TiVoPlex
TiVoPlex for Tuesday, February 26, 2008 through Monday, March 3, 2008
By John Seal
February 25, 2008
BoxOfficeProphets.com
From the obscure to the obscurest to the merely overlooked or underappreciated; they all have a home in the TiVoPlex! All times Pacific.
Tuesday 02/26/08
2:15pm Flix Equinox (1970 USA): Likely the last film to be inducted into the Criterion Collection - though Fiend Without a Face comes a close second - Equinox is a remarkable example of truly independent filmmaking and sheer willpower and determination. Shot over the course of three years, it was the brainchild of Dennis Muren and David Allen, who met through the pages of legendary pro-zine Famous Monsters of Filmland and worked tirelessly to create their own tribute to the monster genre that sired them. Work began in 1965 and was completed in 1967, but it wasn't until Blob producer Jack H. Harris saw the results that the film was re-edited and partially re-shot for a theatrical release in 1970. The simple plot revolves around three college chums who end up in a remote woodland cottage, where Professor Waterman (Fritz Leiber) has disappeared, leaving behind a mysterious book that, when opened, unleashes a horde of supernatural beasties animated by young Allen and colleague Jim Danforth. Presumably Flix is airing the 80-minute theatrical cut, which is the one we grew up watching on TV, and the one where the cast members - their scenes shot years apart - change hairstyles from moment to moment. That only adds to the hallucinatory wackiness of the proceedings, which surely influenced a young Sam Raimi when he began cooking up his Evil Dead saga. If you've ever felt inspired to pick up a 16mm camera and make your own movie, here's proof positive that it can be done, and that one day, someone may even recognize you for your efforts and slap a prestigious label on it!
6:30pm Sundance Before the Flood (2004 GB): If you enjoyed, appreciated, or felt enlightened by the recently aired BBC documentary Five Disasters Waiting to Happen, you'll probably want to take a look at this one, too. Focusing on one of the pending catastrophes examined in Five Disasters, Before the Flood takes a more in-depth look at the dangers facing the Pacific nation of Tuvalu, where under the best of circumstances high tide means flooding in the streets, well-water contamination, and the threat of disease.

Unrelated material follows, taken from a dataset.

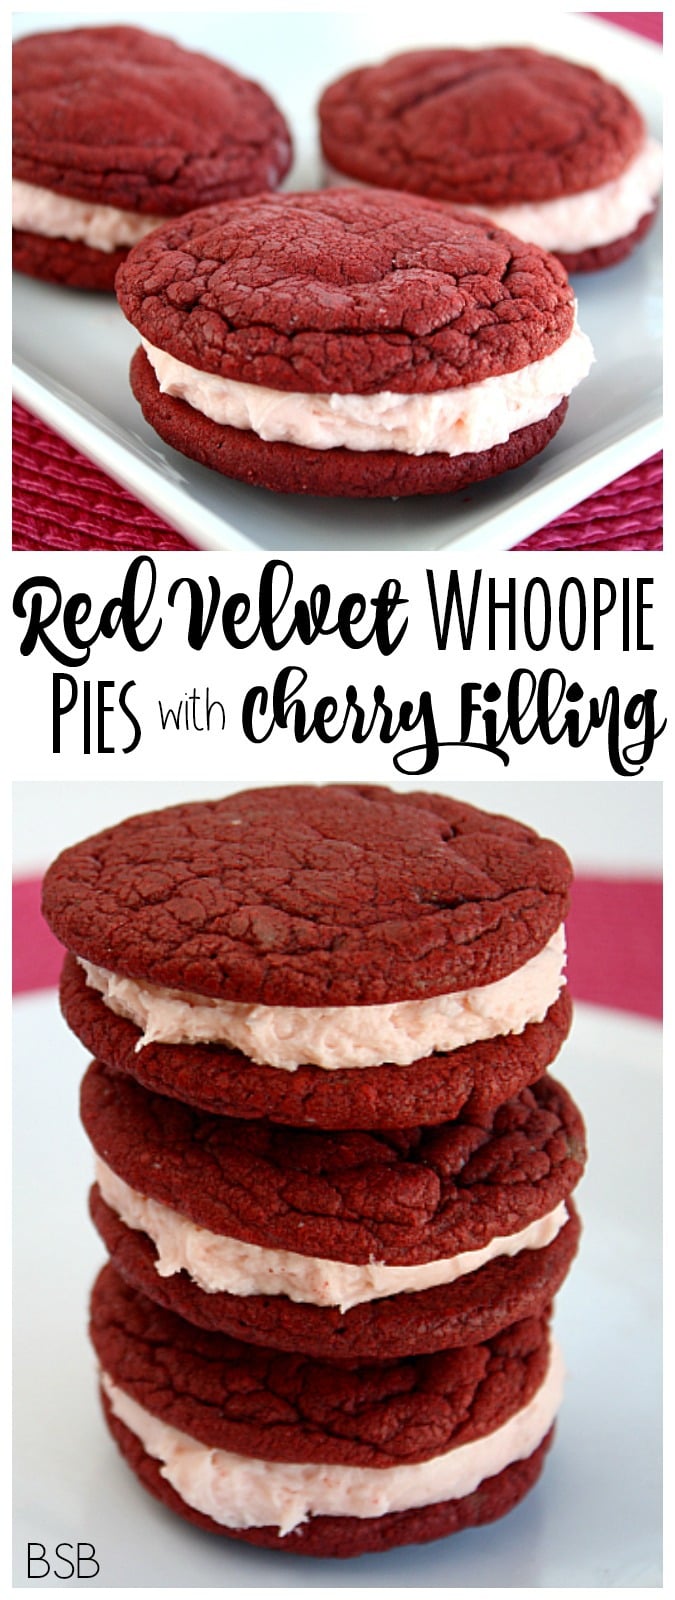 These red velvet whoopie pies with marshmallow filling are an easy and delicious treat. With the cherry marshmallow filling, they add a touch of flavor and romance, making them perfect for Valentine’s Day!

Once one of the poorest nations in the world, Tuvalu made a killing in the 1990s by selling their internet domain name, but global warming is inevitably going to leave them with nothing at all. Also airs 2/28 at 9:30pm.
9pm More Max El Metodo (2006 ESP): If you missed this riveting Spanish film when it aired late one night in January, here are three more opportunities to give it a look. If you've ever suffered through a particularly intense job interview, you'll enjoy El Metodo (The Method), a Spanish drama about the grueling hiring procedures utilized by a Madrid corporation. Set against a backdrop of anti-globalization protests, the film focuses on seven hopefuls competing for a single position. Amongst the candidates are brown-noser Enrique (Ernesto Altiero), male chauvinist pig Fernando (Eduard Fernandez), ladies man Carlos (Eduardo Noriega), corporate secretary Montse (Natalia Verbeke), and an undercover mole in their midst tasked with winnowing the field from within. A blunt critique of the bloody battlefields of modern capitalism, El Metodo was a huge hit at Spanish-language film festivals around the world and richly deserves the wider audience it will finally receive courtesy of premium cable. Also airs on Cinemax 2/28 at 11:20pm and 2/29 at 2:20am.
Thursday 02/28/08
9am Fox Movie Channel Dragonwyck (1946 USA): Gene Tierney stars in this atmospheric Gothic meller, the freshman effort from director Joseph L. Mankiewicz. Set during the 1840s, the film tells the story of Miranda (Tierney), a young woman hired to au pair on behalf of wealthy Nicholas Van Ryn (Vincent Price). After arriving at the Van Ryn estate, Miranda finds her employer and his wife estranged from their child (Connie Marshall) and the local tenant farmers in rambunctious mood. After Nicholas is widowed, he determines to wed Miranda, and much to her everlasting regret, she accepts his offer and returns to bleak Dragonwyck, where things soon take a turn for the deadly. If you're a fan of such maiden-in-distress films as Alfred Hitchcock's Rebecca (1940) and Otto Preminger's Laura (1944), you should get comparable mileage from Dragonwyck.
10:40am Encore Dramatic Stories Nobody Knows (2004 JAP): Feral children in Tokyo alert! Well, that may be a slight overstatement, but this excellent and affecting drama does tell the tale of four fatherless children left to their own devices in a big city apartment. Mother Keiko (played by Japanese pop star "You") has had the misfortune of getting knocked up by four irresponsible louts who have consequently abandoned their offspring, leaving her to raise them on her wages as a...well, it's not quite clear what she does, though we can guess it's not strictly on the up-and-up. The children stay inside and don't even go to school, and the only skill they get to practice is counting the money during one of their mother's frequent and lengthy disappearances. Directed with subtlety and sympathy by Hirokazu Koreeda (After Life) and based on a true story, Nobody Knows is a quietly moving experience, and appears in its essential original aspect ratio this morning.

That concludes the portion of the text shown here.